В первый же день наши войска овладели Яссами, через три дня – Бендерами, освободили столицу Молдавии, юго-западнее Кишинева была окружена крупная группировка врага. Вскоре закончился разгром окруженных войск на восточном берегу реки Прут и попутно ликвидированы части противника, укрывшиеся в лесах юго-западнее города Хуши. 23 августа фашистский режим Антонеску в Румынии был ликвидирован. А 31 августа советские войска вступили в Бухарест.
На следующий же день состоялся мой тренировочный полет над аэродромом на самолете с надписью на борту: «От колхозника Конева Василия Викторовича». Пилотировать не разучился.
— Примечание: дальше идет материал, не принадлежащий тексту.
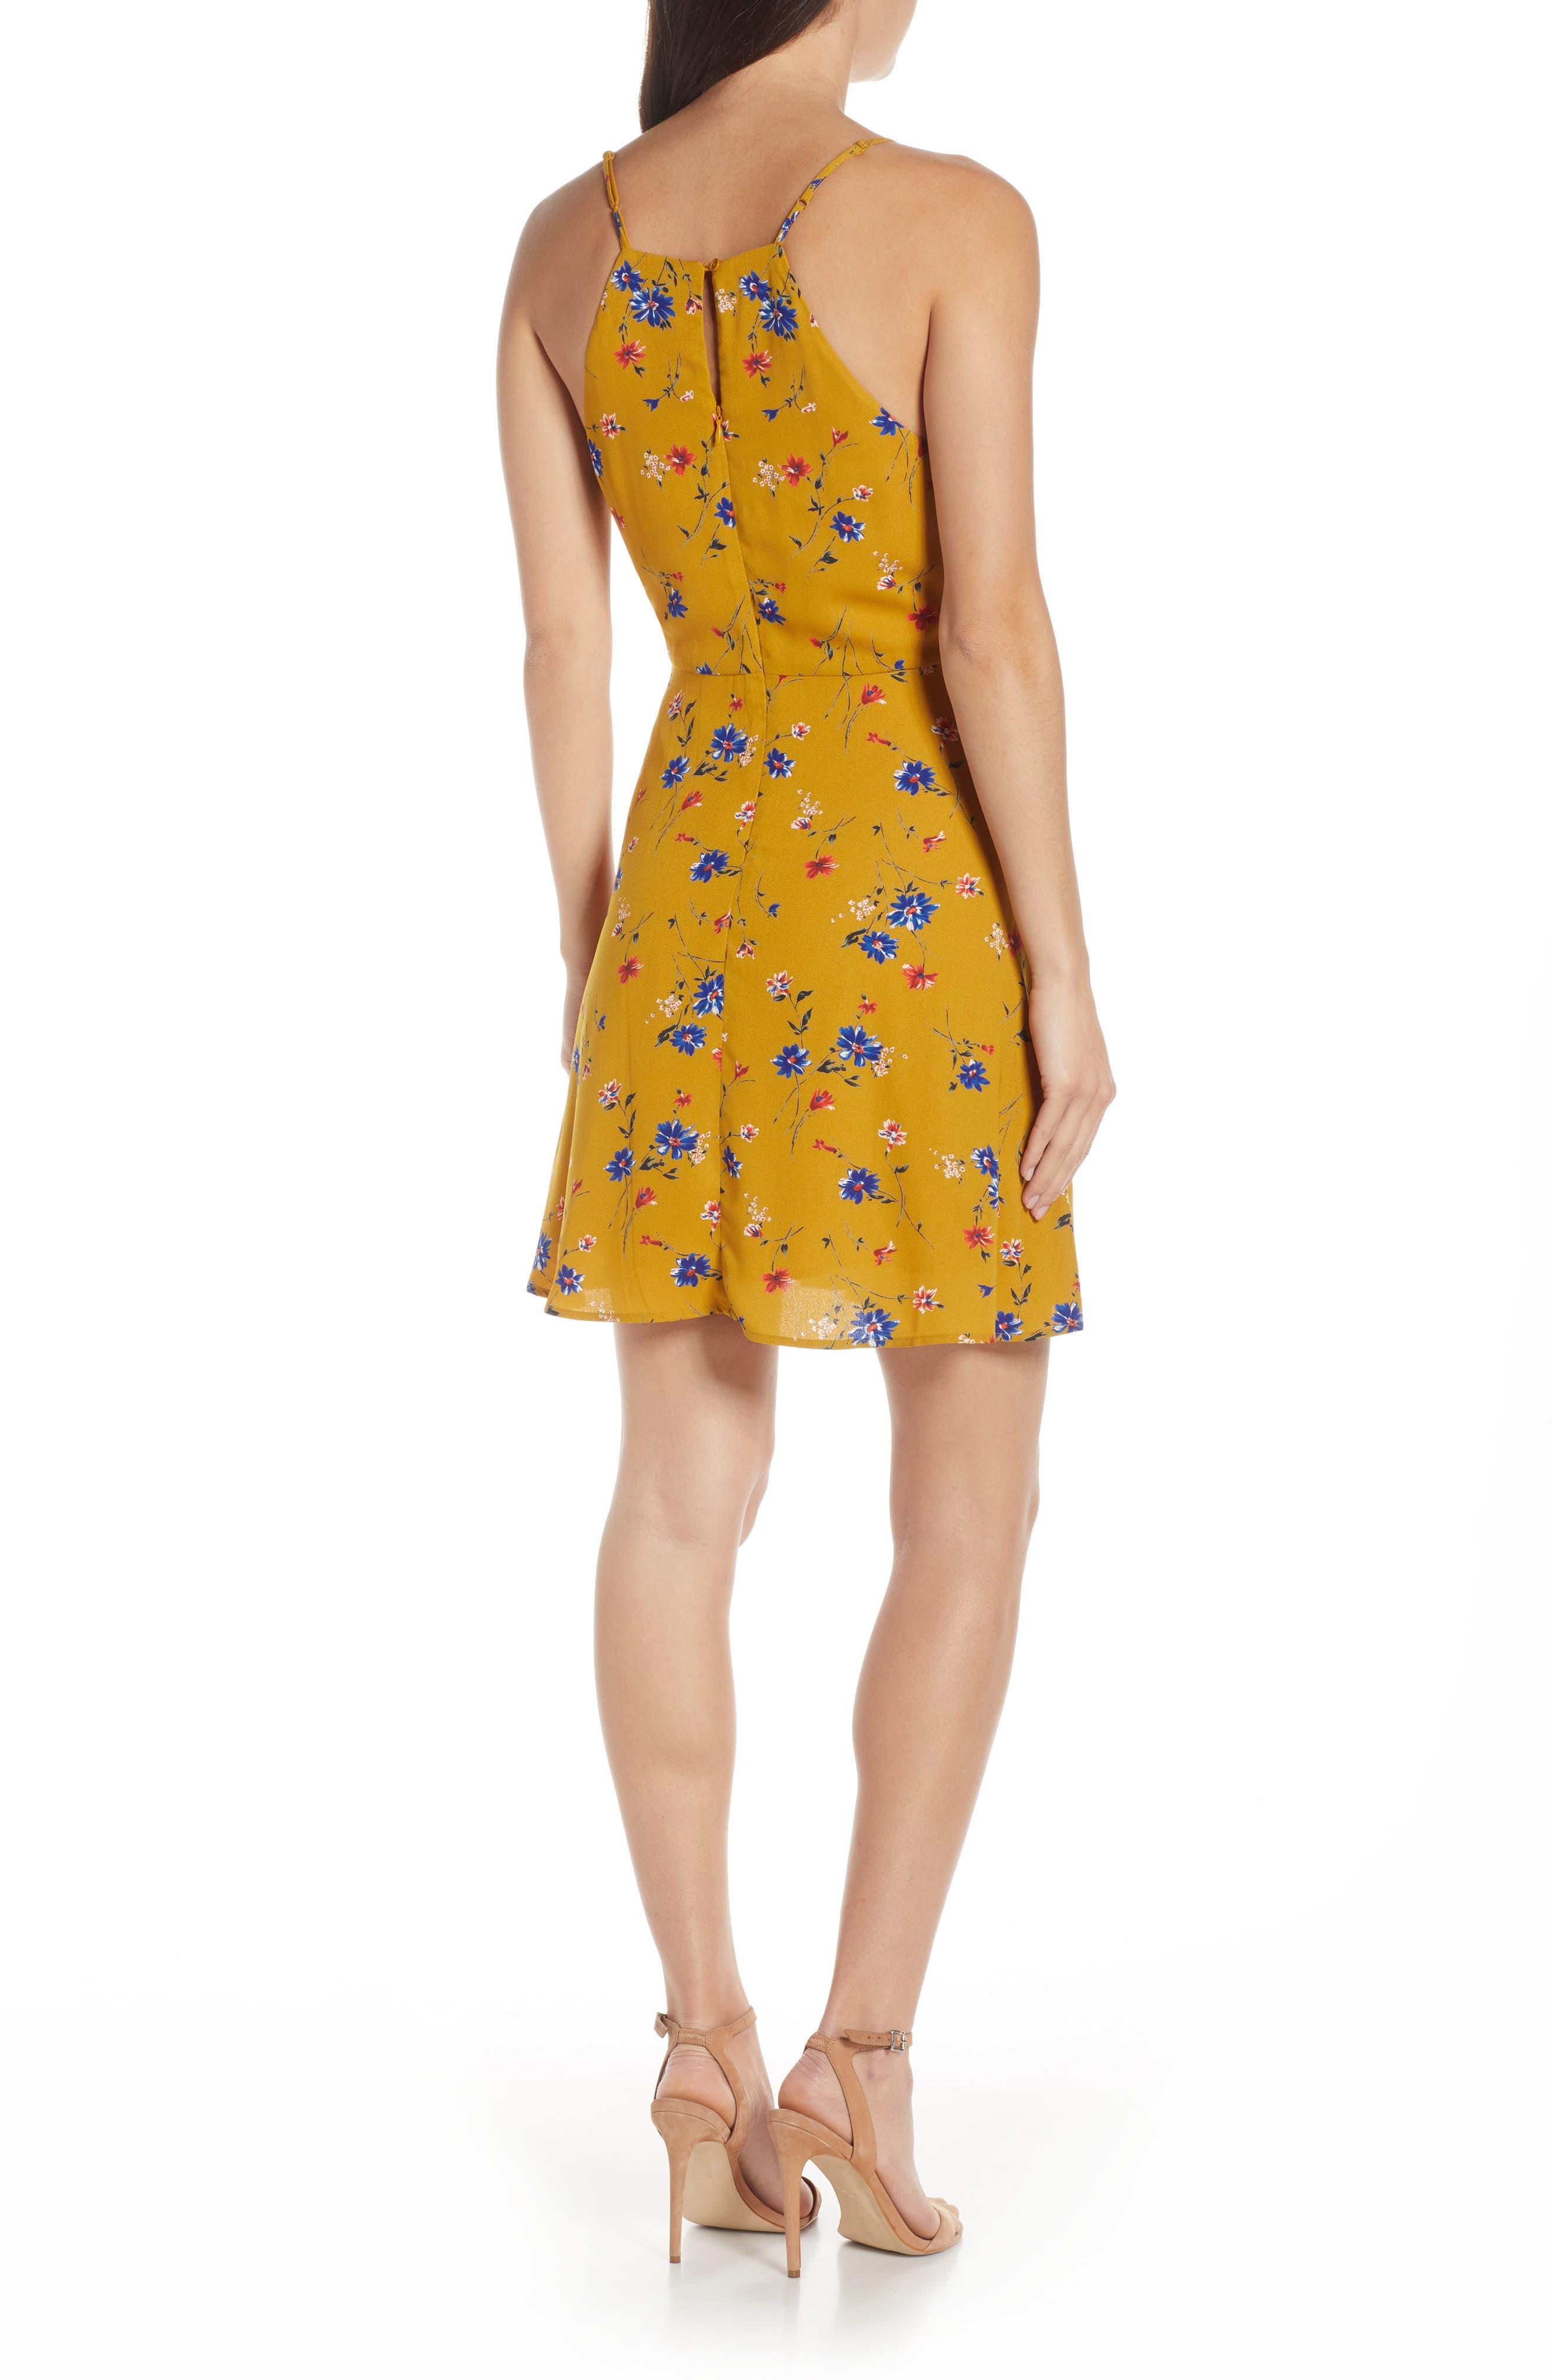 19 COOPER, Floral Print Tie Front Dress, Alternate thumbnail 2, color, MUSTARD FLORAL

Машина послушна моей воле, пилотажные фигуры безукоризненны. И я включился в боевую работу полка.
Чтобы не отставать от наступающих войск, мы едва успели перебазироваться с одной точки на другую. В течение месяца сменили пять аэродромов. Каждый из них мне приходилось обследовать первым – для определения годности.
Обычно я летал один на боевом самолете. Но на аэродромы Сибиу, Медиаш и площадки около населенных пунктов Селуш, Сфынта-Анна полет выполнялся на По-2.
Механик «кукурузника» приболел. Петр Козлов знал этот самолет и даже когда-то обслуживал. Его-то и определили со мной во вторую кабину. Но опыт опытом, а следуй закону авиации: доверяя – проверяй. Поэтому я спросил:
– Козлов, ты действительно разбираешься в этой этажерке?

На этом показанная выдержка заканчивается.